В отношении этого захватывающего рассказа заметим также, что в посвященной ему критической литературе зачастую не обращается должного внимания на то обстоятельство, что бо́льшая часть цитат в тексте По дается на французском языке; при этом упускается из виду и та деталь, что По не стал переводить эпиграф из Лабрюйера, зато сразу дал перевод немецкоязычной формулы «Es lässt sich nicht lesen», которая обрамляет рассказ. Возможно, именно изобилие французских цитат[300] и отсутствие их перевода подтверждают, что, с одной стороны, По хотел вписать свой текст в традицию портрета не только живописного, но также литературного, восходящую в этом плане именно к Лабрюйеру, одному из основоположников жанра литературного портрета. С другой стороны, важно, что эпиграф, оставшийся непереведенным, словно бы предназначает весь рассказ не только американскому, но и французскому читателю. Можно полагать также, что По думал, что его читатель должен принадлежать к избранному кругу образованных словесников; в этом случае следует признать, что задумка По, если она действительно имела место, была гениальной, ибо своего идеального читателя он нашел именно во французе и католике: ведь это Бодлер сделал из По первого признанного в Европе писателя Америки, а последняя, в свою очередь, оказалась неспособной его признать.
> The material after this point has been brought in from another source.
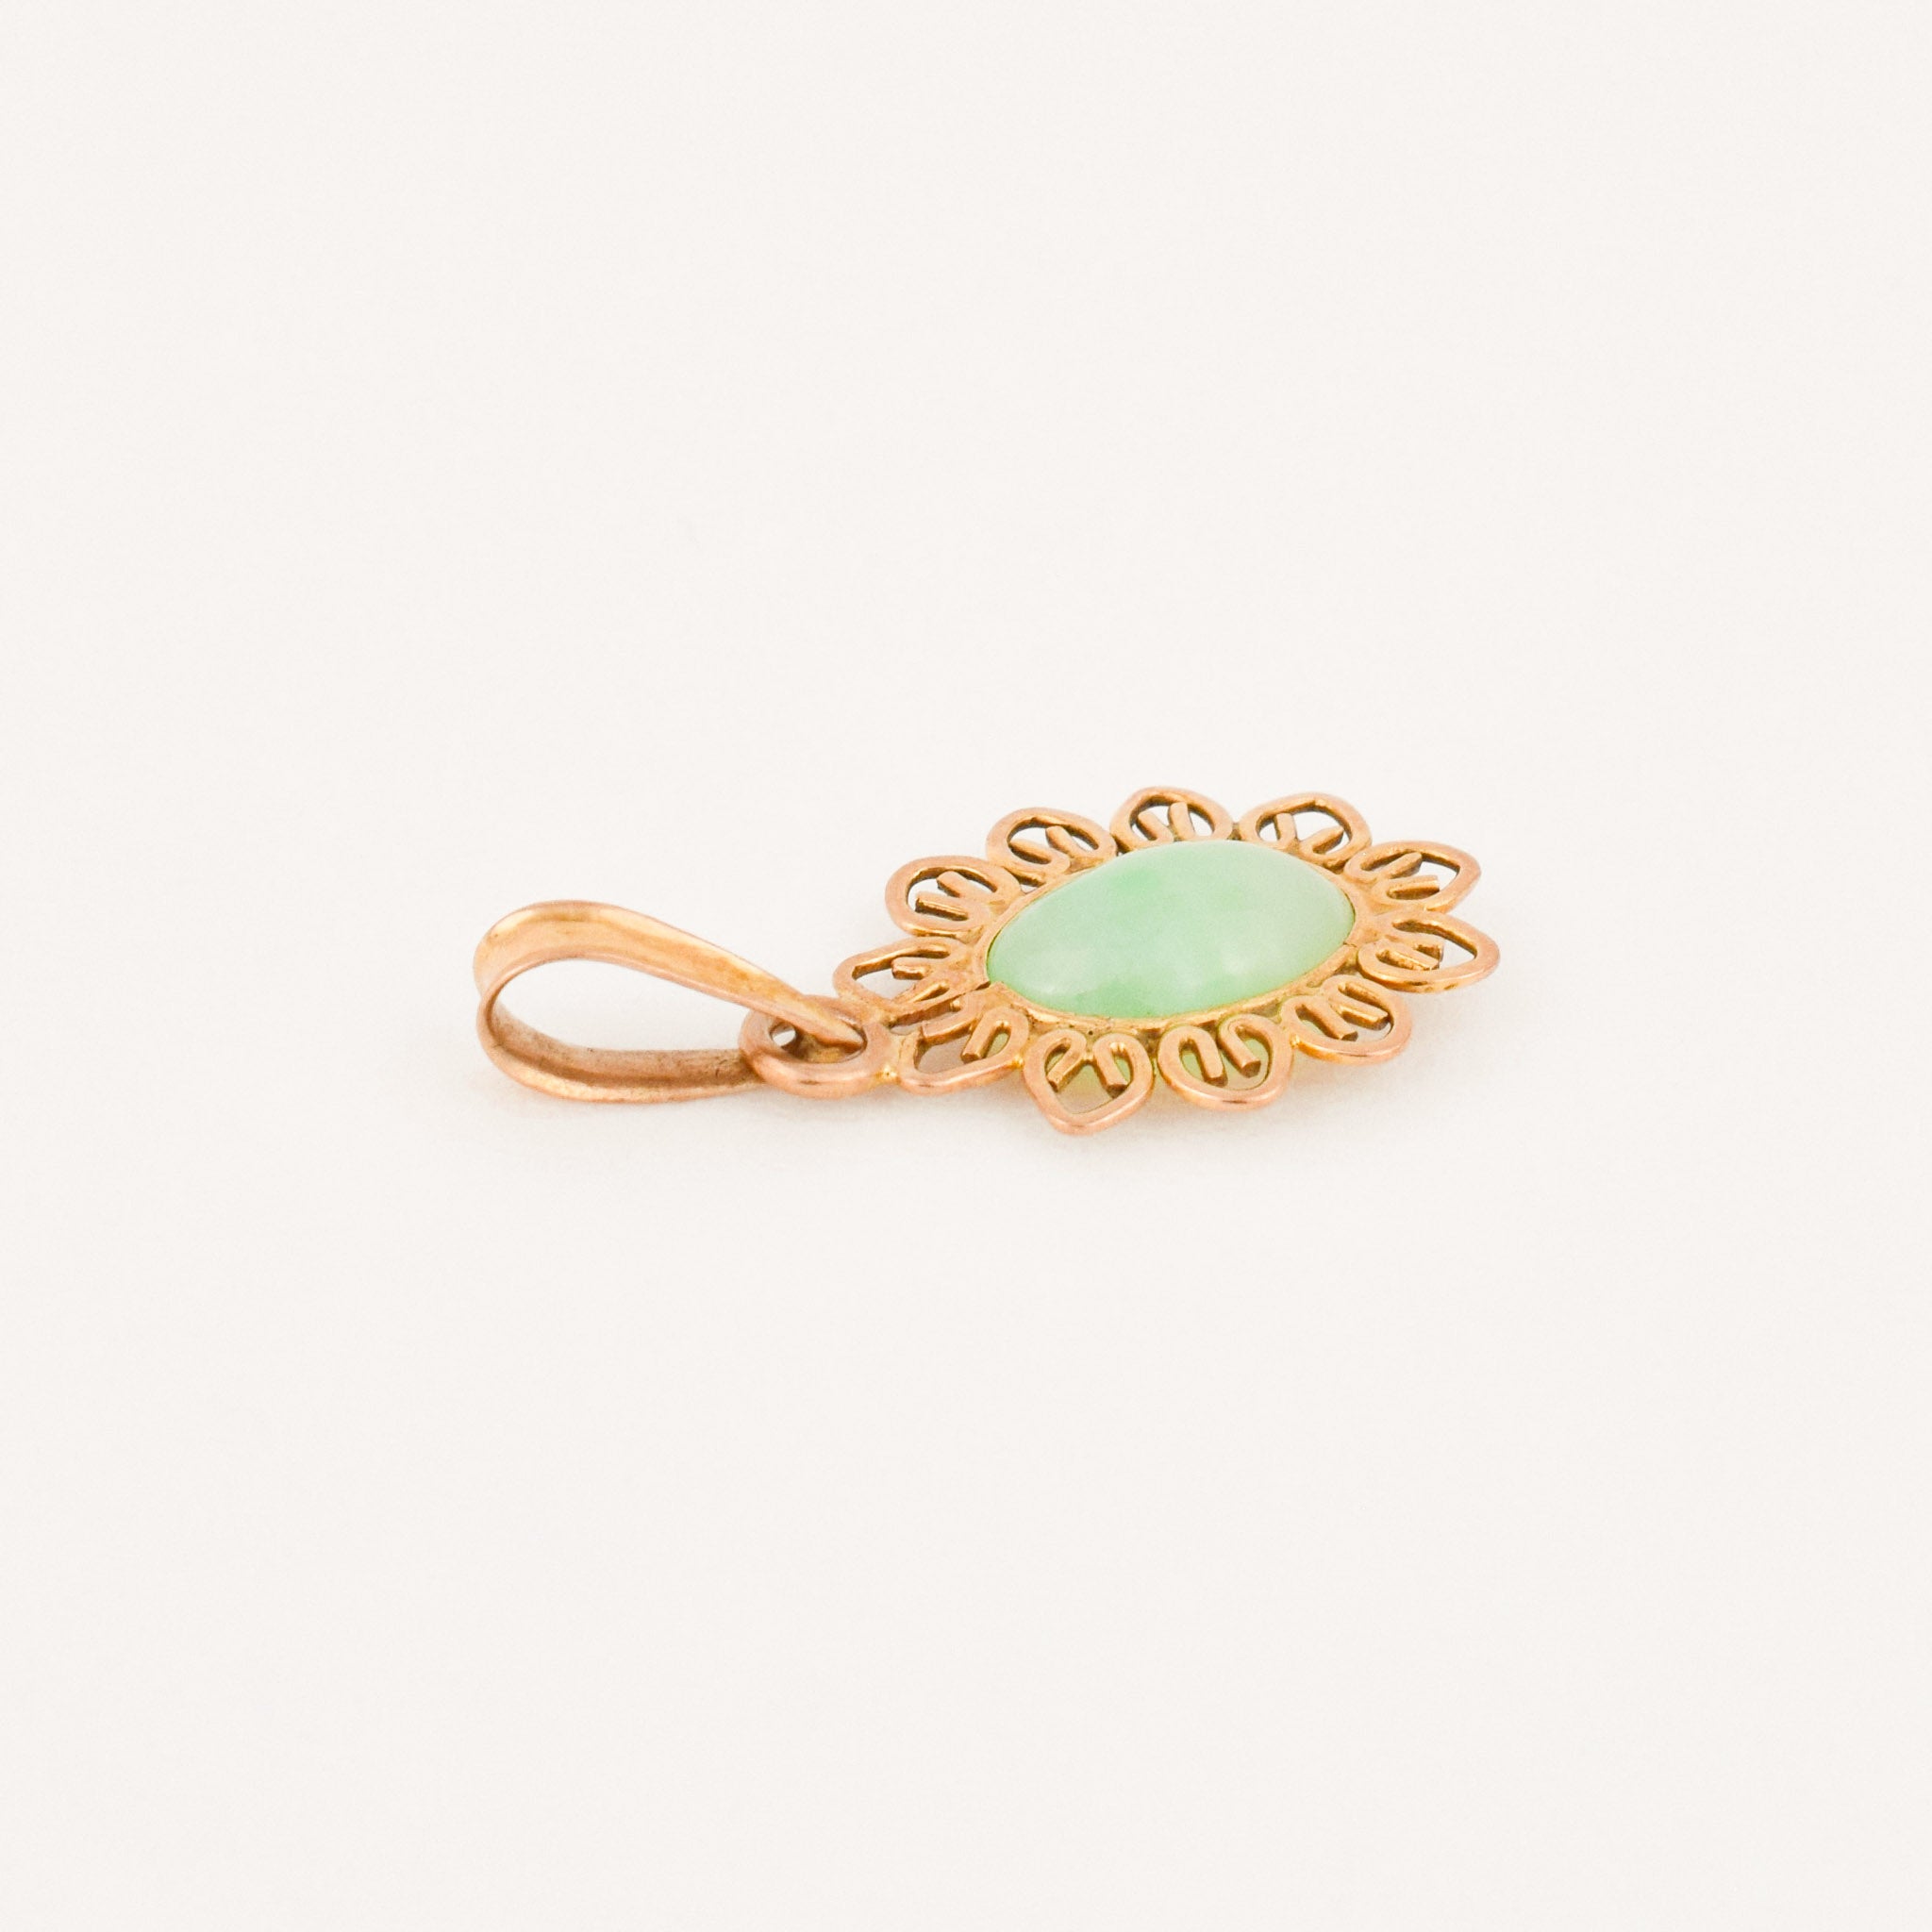 vintage gold jade flower charm pendant

Подчеркнем также, что в критике уже обращалось внимание на немецкую фразу в этом рассказе, и, в частности, было отмечено, что По не впервые употребил эту формулу и ее перевод на родной язык: «Она не позволяет себя прочесть» – «It does not permit itself to be read». В самом деле, в 1849 г. По уже использовал это высказывание, выделив курсивом слово «permit». Это было сделано в статье о Корнелиусе Мэтьюсе (1817 – 1889), американском писателе, который пытался быть собственно американским писателем, выдвинув на первый план новый стиль, призванный отражать американскую идентичность, что для По было недопустимо и что предопределило его негативное суждение о Мэтьюсе – для него книги этого автора «не позволяли себя читать»[301]. Действительно, для По было немыслимо то, что можно полюбить глупую книгу по той простой причине, что глупость эта – американская. Иными словами, По вновь обнаруживает нетерпимость в отношении к тому, что он воспринимает как тотальное отсутствие гения в Америке.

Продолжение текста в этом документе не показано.